Unfortunately, some carriers do not understand the importance of the BOR strategy for those brokers who know how to create a value proposition.
In the past several months I have heard a number of brokers express frustration in the responses their improved business style is receiving from their carrier partners. Here is what they are saying:
o "Our firm has an 80 percent hit-ratio on our broker of record letter sales, yet some of our carriers are complaining about seeing a lessening of our submission flow."
o "We recently were appointed the broker on a national account through a BOR. The carrier resisted the appointment because it was underwritten in a different territory."
o "Several carriers have expressed disdain for the broker of record method because it does not count for 'new business' on their books."
It is time for all of us to climb onto a "platform of value." The outdated commodity competition method will continue to make all parties victims of the historical insurance cycles. These cycles have nothing to do with the creation of client value--they are simply a function of commodity supply and demand.
The astute brokers who have adopted the consultative brokerage model are learning to compete with immunity to the pricing cycle. It is time that carriers follow these examples to get closer to their most profitable accounts. These accounts and their brokers understand the important difference between price, cost and value.
In the event a forward-thinking insurance company intends to position itself in the mainstream of these changing client and broker expectations, here are some of the ideas they must consider and adopt:
o Understand changing buyer expectations.
As clients become more financially astute, they demand more services from brokers. Carriers must position their resource offerings to work in tandem with those of their broker/agent representatives so that a transparent partnership will exist.
o Break down territorial barriers.
Buyers do not consider underwriting territories when selecting a broker. With the seamless adoption of technology, clients and brokers are able to do business across geographic boundaries. Underwriting territories are not part of the equation, but merely accounting methodologies.
o Select agents/brokers who understand value.
While there are thousands of licensed insurance agencies, there are a finite number of firms committed to providing resources and a TCOR value proposition. Carriers should focus their efforts on these firms, as they will provide an extremely high hit ratio.
o Expect more from broker/agent representatives.
When a broker/agent competes on a brokerage selection basis, they must demonstrate a superior service, resource and cost reduction formula--the same features that allow carriers to reduce their distribution costs. Carriers should work closely with the broker to harness this distribution and acquisition cost reduction.
o Understand their ability to provide ROI.
Many carriers list a great number of features, such as superior loss control, claims handling and specialty resources. Once a carrier understands how to quantify its impact, however, they are in a position to establish a long-term relationship that is not based on the price of the commodity. They become part of the client's business operation and cost reduction formula.
o Refocus the message to agents/brokers and clients.

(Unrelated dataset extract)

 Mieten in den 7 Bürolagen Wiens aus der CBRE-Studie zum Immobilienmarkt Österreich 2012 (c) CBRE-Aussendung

Successful carriers must understand that their best agent/brokers are changing their business styles. While coverages and stability are still important, in a softening marketplace it becomes about differentiation through cost-reduction resources. These resources and their quantifiable impact should become the hallmark of a carrier's marketing materials and message.
The brokerage selection model is rapidly becoming the exclusive competition choice of quality brokerage firms and regional agencies. With its high hit ratios, lower acquisition costs and superior differentiation, the firms that have adopted it are reporting tremendous results.
It is time that the third leg of the stool--the carriers--joins clients and brokers in making this process the cornerstone of value in our industry.